Google Summer Of Code Archive
As a part of Google Summer of Code program, I was supposed to write biweekly work updates, which kinda made by archives a bit of cluttered. So, one fine morning, I decided to compile all of them into a single post to clean things up. Doing it manually seemed daunting, so I decided to make a script which took me even more time :p
Anyways, the following post contains all my GSoC blog updates in chronological order. The final offical report for my GSoC project here and here.
PS: If you’re a GSoC aspirant, this post will give you a gist of what it’s like to go through the GSoC program, I’d also suggest you to read What “NOT” to expect from GSoC
Alright, here we go…
- My GSoC story begins
- Two weeks into Community Bonding
- GSoC Update- Mid of Phase 1
- GSoC Phase 1 Final Week
- Marking the end of Phase 1
- GSoC - Mid of phase 2
- GSoC - Final Week Of Phase 2
- GSoC - Mid of Phase 3
- GSoC- The final week!
My GSoC story begins My-GSoC-story-begins
Published on: 02 May 2017, Tue
:tada: That was the most exciting moment in past few months as I finally acheived my 2-year awaited GSoC dream. I started contributing to coala since the very first day of 2017 (Not a new year resolution though :P) and no doubt, the journey so far had been awesome and offered me a lot of opportunities to learn and grow as a developer. The last few months have indeed been bit hectic but the outcomes have been worth every effort.
About my project
You can read the abstract here
The road ahead
This month is officialy a “community-bonding-period”. As I’m already familiar with the community as well as the codebase of coala-quickstart
, I plan to do extensive research about implementation of my project in this period so that I don’t face much difficulties during the upcoming “coding-phases”

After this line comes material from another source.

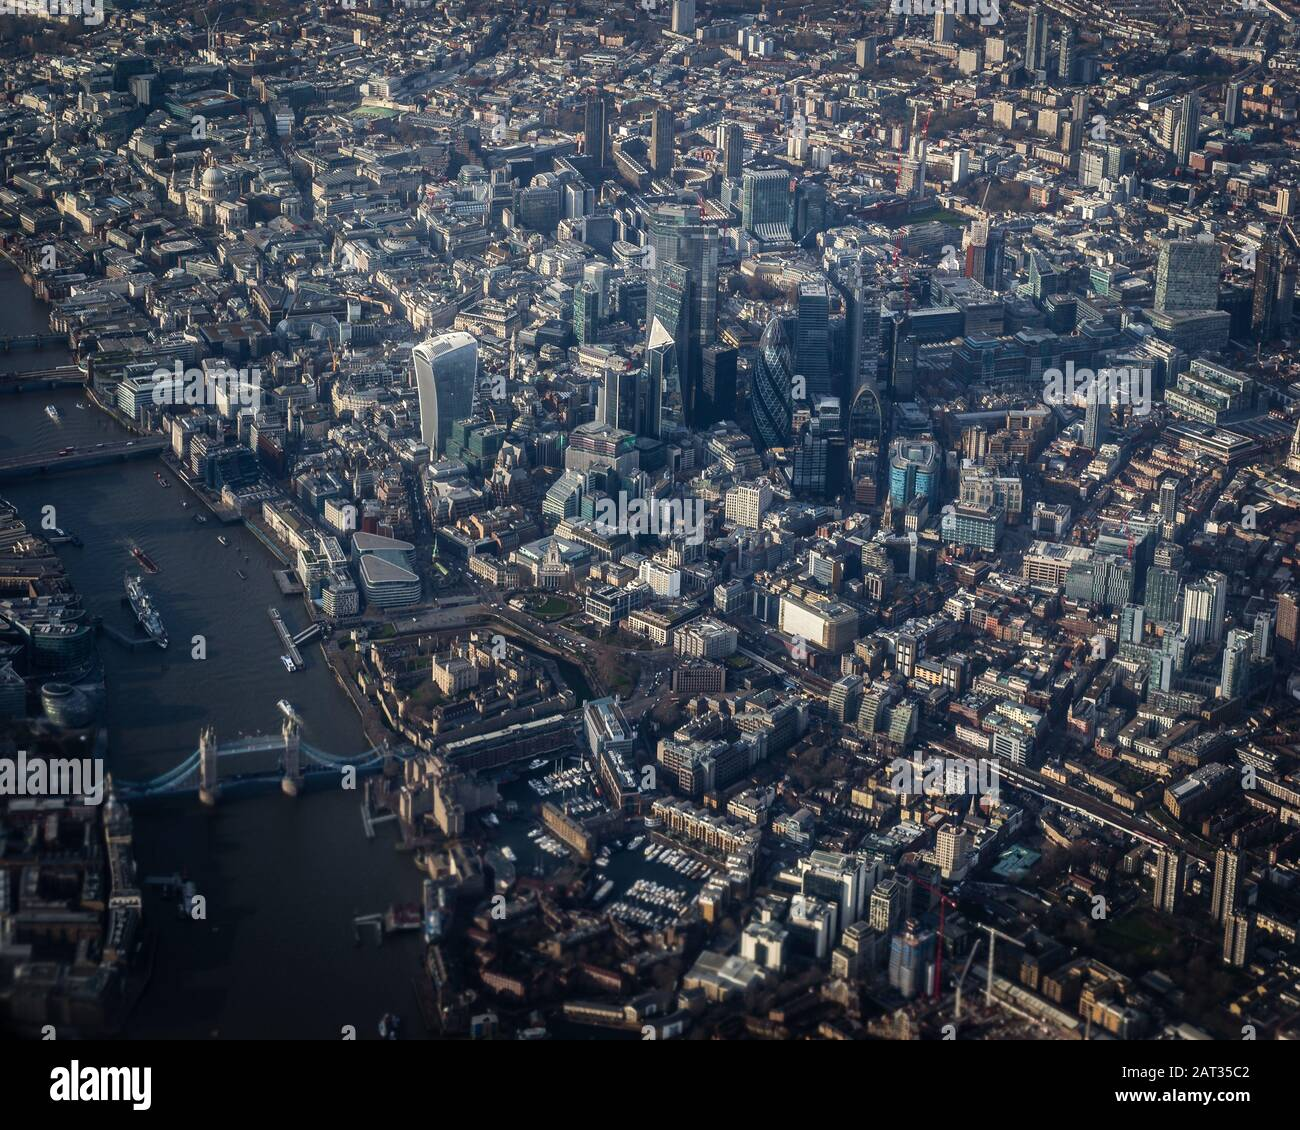 Vista aérea de Londres. Foto de stock

PS: There’s gonna be lot of upcoming blog-posts regarding my GSoC journey and the new things that I learn on my way. Stay tuned…
Two weeks into Community Bonding
Published on: 20 May 2017, Sat
So it’s been more than two weeks into the Community bonding period, my examinations are about to get over (finally:sweat_smile:) and I’ve planned out my milestones with my mentors. Looks like I’ll be all set to code after 1 week.
Here’s what I was upto past two weeks:
- I introduced myself and my project on the mailing lists.
- Disucssed my projects with my mentors and made adjustments to my timline.
- Did some research on the meta-files and the information to work on during my first phase of the project.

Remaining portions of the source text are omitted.